The ISR induction contributes to palmitate-induced hepatotoxicity.

To determine the critical role of ISR activation in palmitate-induced hepatotoxicity, we first treated AML12 and HepG2 cells with ISRIB, an ISR inhibitor, for 2 hours before the palmitate challenge. Cell death was measured after 16 hours using an LDH release assay kit. ISR inhibition almost completely prevented palmitate-induced cell death in hepatocytes (Figs. 3A & B). Next, to assess the role of ATF4 upregulation in palmitate-induced cell death, we genetically knocked down ATF4 in AML12 cells using Atf4-targeted siRNA, followed by exposure to palmitate for 16 hours. As shown in Figs. 3C-E, genetic knockdown of ATF4 attenuated palmitate-induced cell death in AML12 cells. A similar protective effect of Atf4 siRNA knockdown was observed in HepG2 cells (Fig. 3F). It has been well-documented that during ISR, eIF2α is phosphorylated by one of four well-established upstream kinases, including protein kinase R (PKR), PKR-like ER kinase (PERK), heme-regulated inhibitor kinase (HRI), and general control nonderepressible 2 (GCN2) in response to different upstream stimuli(23). To further confirm the role of ISR induction in palmitate-induced lipotoxicity, we examined the effects of inhibiting each individual upstream kinase on palmitate-induced cell death. Our data demonstrated that inhibiting these four kinases provides varying degrees of protection against cell death induced by palmitate (Figs. 3G-R). Specifically, inhibition of PERK and GCN2 significantly attenuated the induction of p-eIF2α and the subsequent upregulation of ATF4 (Figs. 3H, I, and N), whereas inhibition of PKR and HRI exhibited notably weaker effects (Figs. 3J, O-Q).
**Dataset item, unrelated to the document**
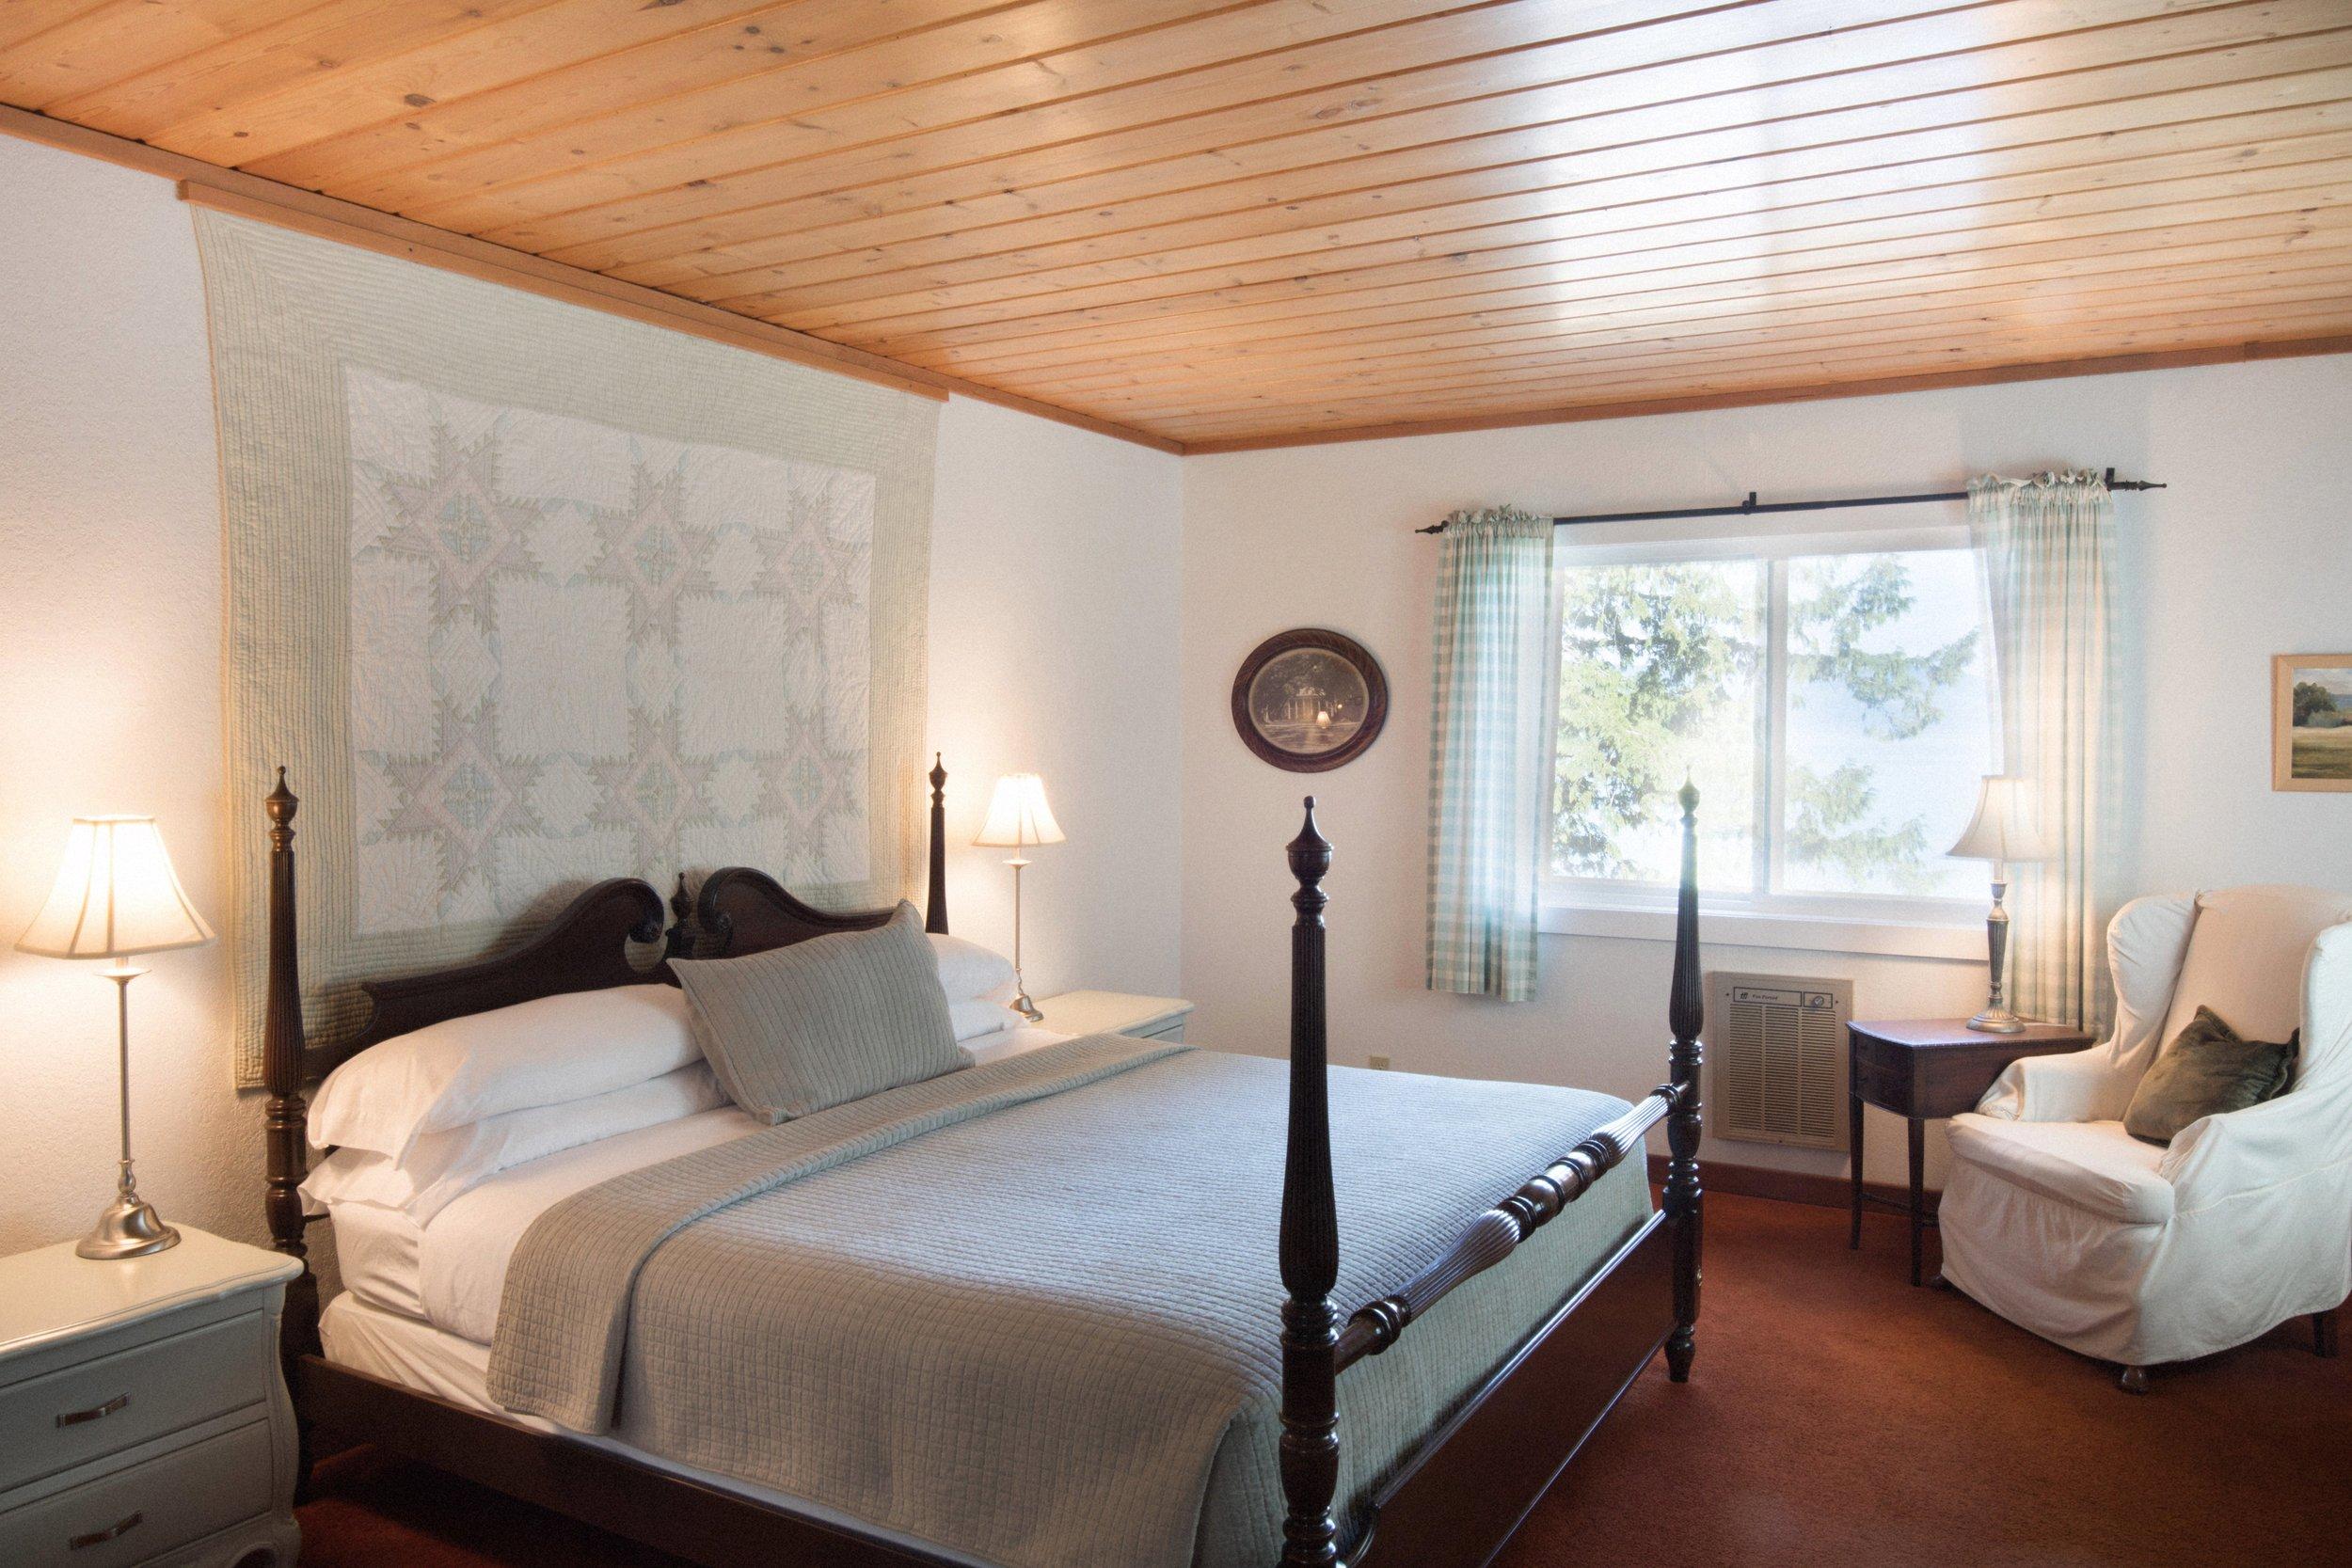 190329-Beach-House-Bedroom-1-0001-EX.jpg

Intriguingly, despite their differential impacts on p-eIF2α and ATF4 levels, inhibition of each of these four kinases provided varying degrees of protection against palmitate-induced cell death (Figs. 3K-M, R). This discrepancy suggests that, beyond their roles in ISR activation, these kinases, particularly HRI, may promote palmitate-induced cell death through additional mechanisms. Nevertheless, our findings collectively demonstrate that ISR activation plays a mechanistic role in palmitate-induced lipotoxicity.

Fig. 3. The ISR induction contributes to palmitate-induced hepatotoxicity.

Fig. 3

(A, B) The cell death of AML12 and HepG2 cells was determined 16 h later by LDH release measurement. ISRIB treatment rescued the hepatocyte death induced by palmitate. (C, D) AML12 cells were transfected with either scramble siRNA or Atf4 siRNA (si-Atf4) for 24 h before palmitate exposure (0.4 mM) for 16 h. qRT-PCR and Western blot analysis of ATF4 expression. (E, F) ATF4 gene knockdown alleviated palmitate-induced cell death in AML12 and HepG2 cells, determined by LDH release. (G) The schematic illustration of four canonical upstream kinases. (H-M) AML12 cells were pretreated with GSK-2606414 (PERK inhibitor, 10 μM), GCN2 inhibitor (GCN2-IN, 10 μM), or PKR inhibitor (PKR-IN, 10 μM) for 2 h before palmitate addition (0.4 mM). Protein abundances of phosphorylated and total eIF2α were detected by Western blot, and cell death was determined 16 h later by LDH release. (N) Protein abundances of ATF4 were detected by Western blot. (O) The transfection efficiency of HRI siRNA in AML12 cells was assayed by qRT-PCR. (P-R) AML12 cells were transfected with either scramble siRNAor HRI siRNA (si-Hri) for 24 h before palmitate exposure (0.4 mM) for 16 h. The eIF2α phosphorylation and ATF4 expressions were detected by Western blot, and cell death was determined by LDH release. *p < 0.05 and **p < 0.01 indicate statistically significant differences.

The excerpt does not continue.